**EXERCISE DESCRIPTION**
Go through the lines below and repeat each one exactly, skipping pictures.

**DATASET SECTION**
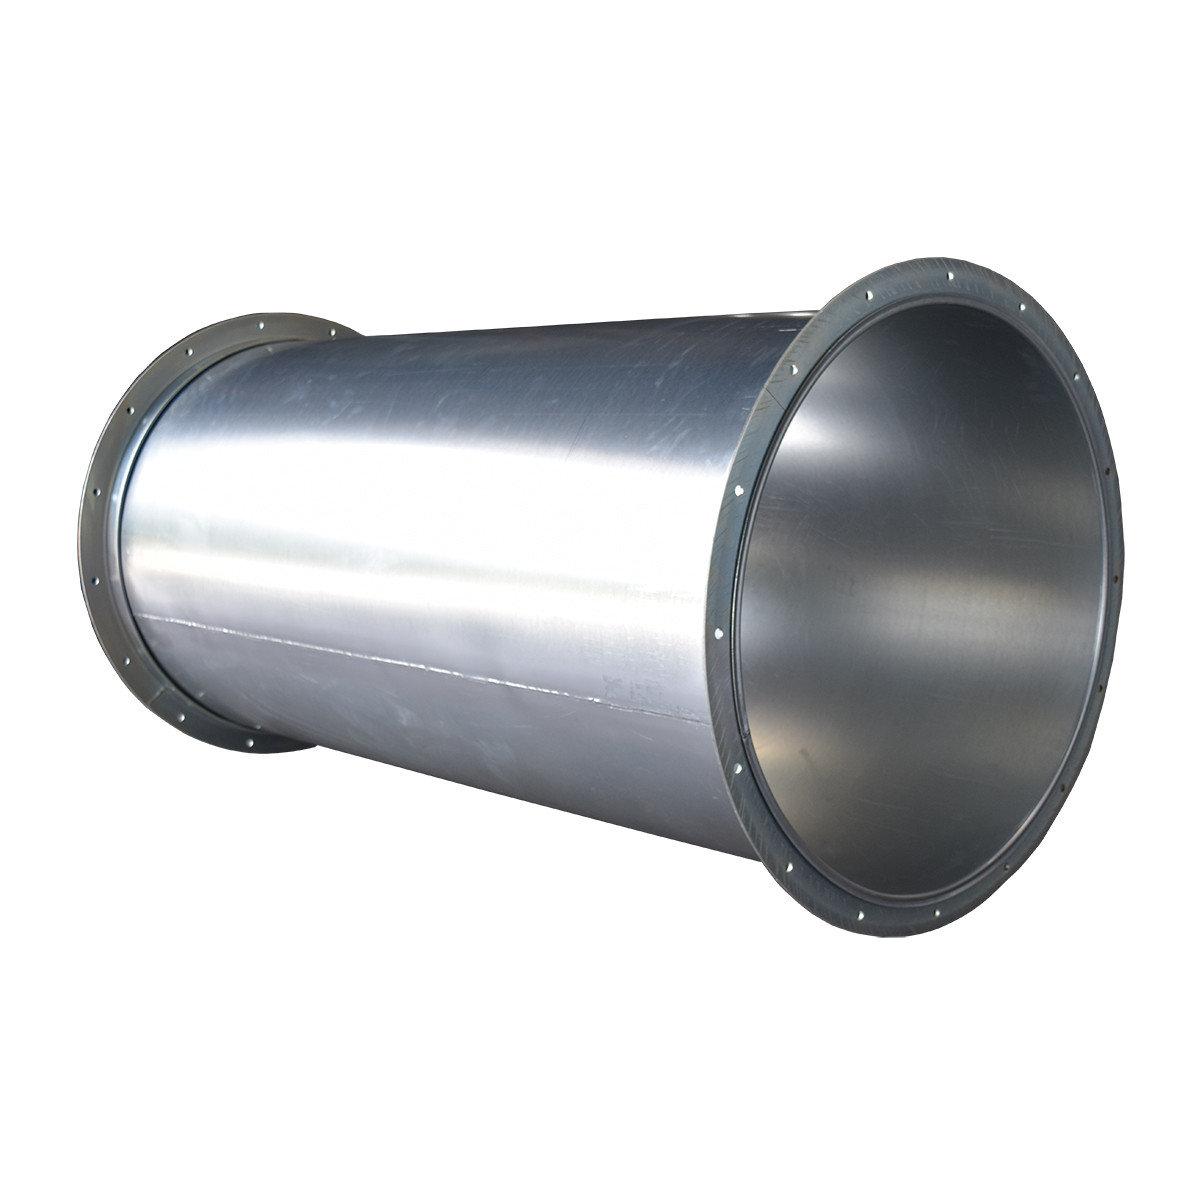 Flanged Pipe 16 Gauge
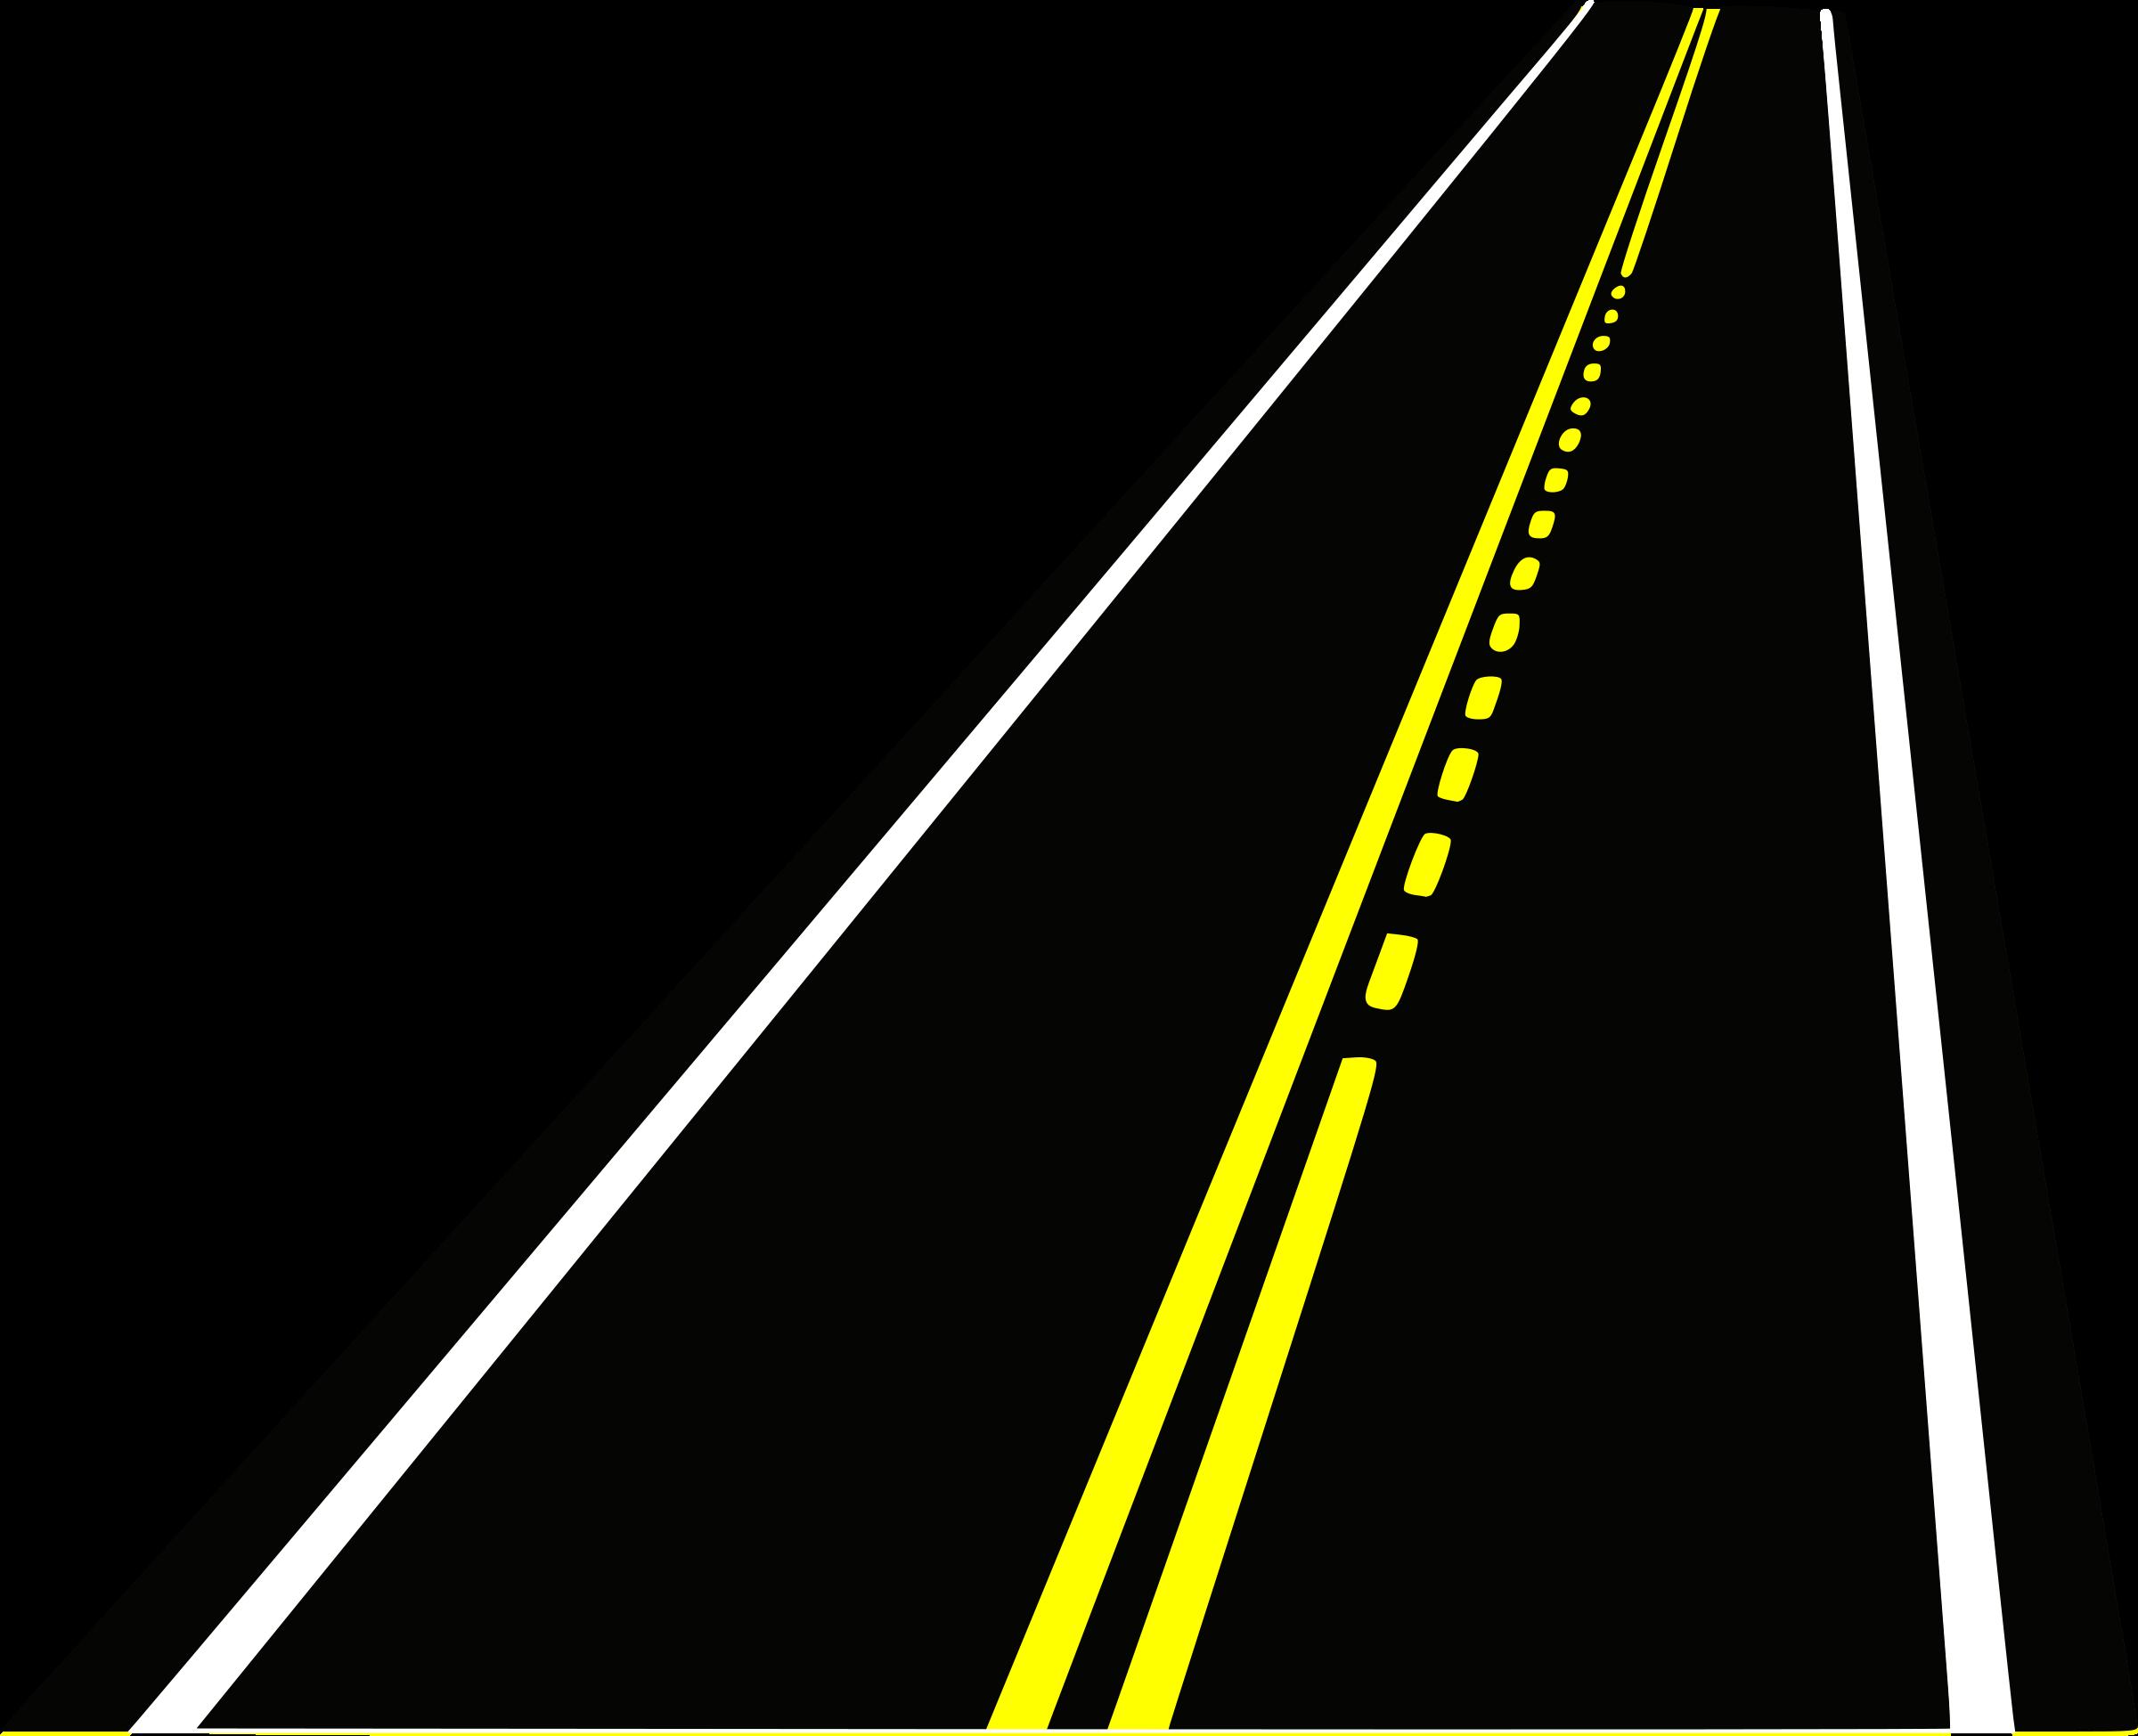 Road Background Clip Art Roadway 20clipart
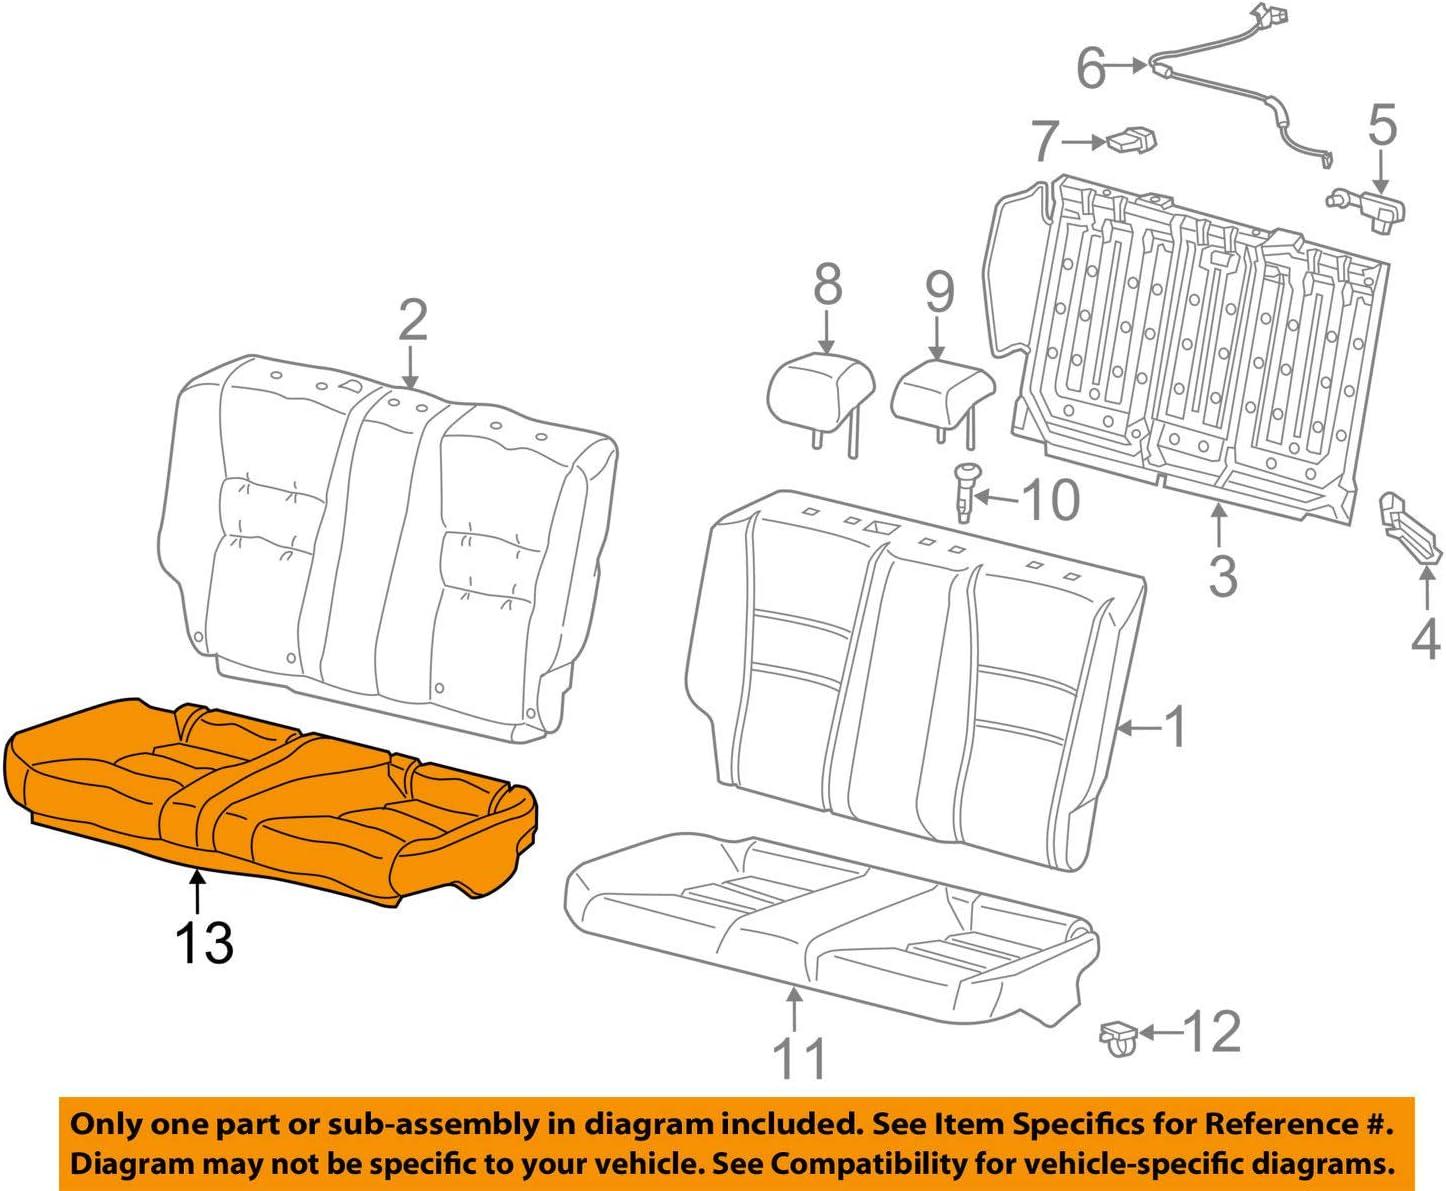 Honda supreme Genuine 82131-T3L-A21ZB Seat Cover Rear Cushion Trim Gifts
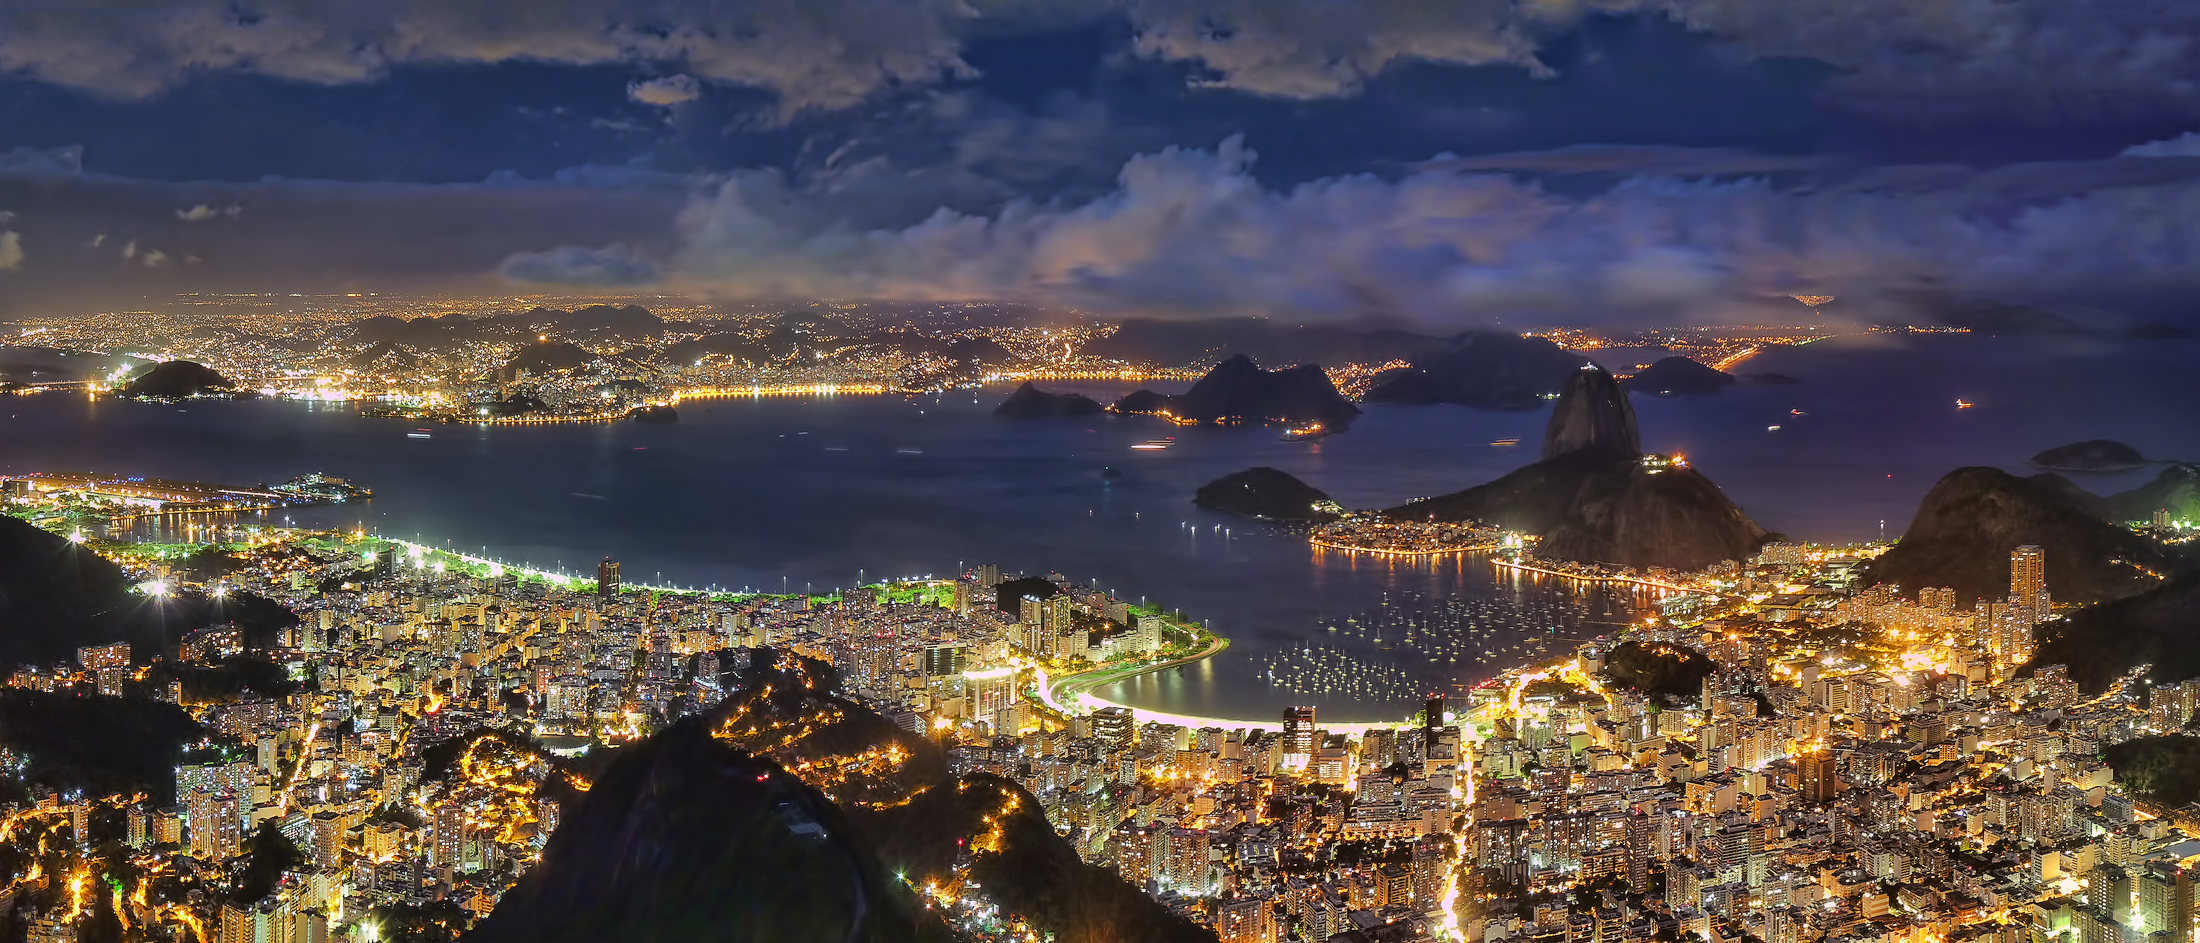 Rio de Janeiro, socha Krista či Copacabana. Čo všetko ponúka exotická oblasť Carioca?

**ANSWER SPACE**
 Flanged Pipe 16 Gauge
 Road Background Clip Art Roadway 20clipart
 Honda supreme Genuine 82131-T3L-A21ZB Seat Cover Rear Cushion Trim Gifts
 Rio de Janeiro, socha Krista či Copacabana. Čo všetko ponúka exotická oblasť Carioca?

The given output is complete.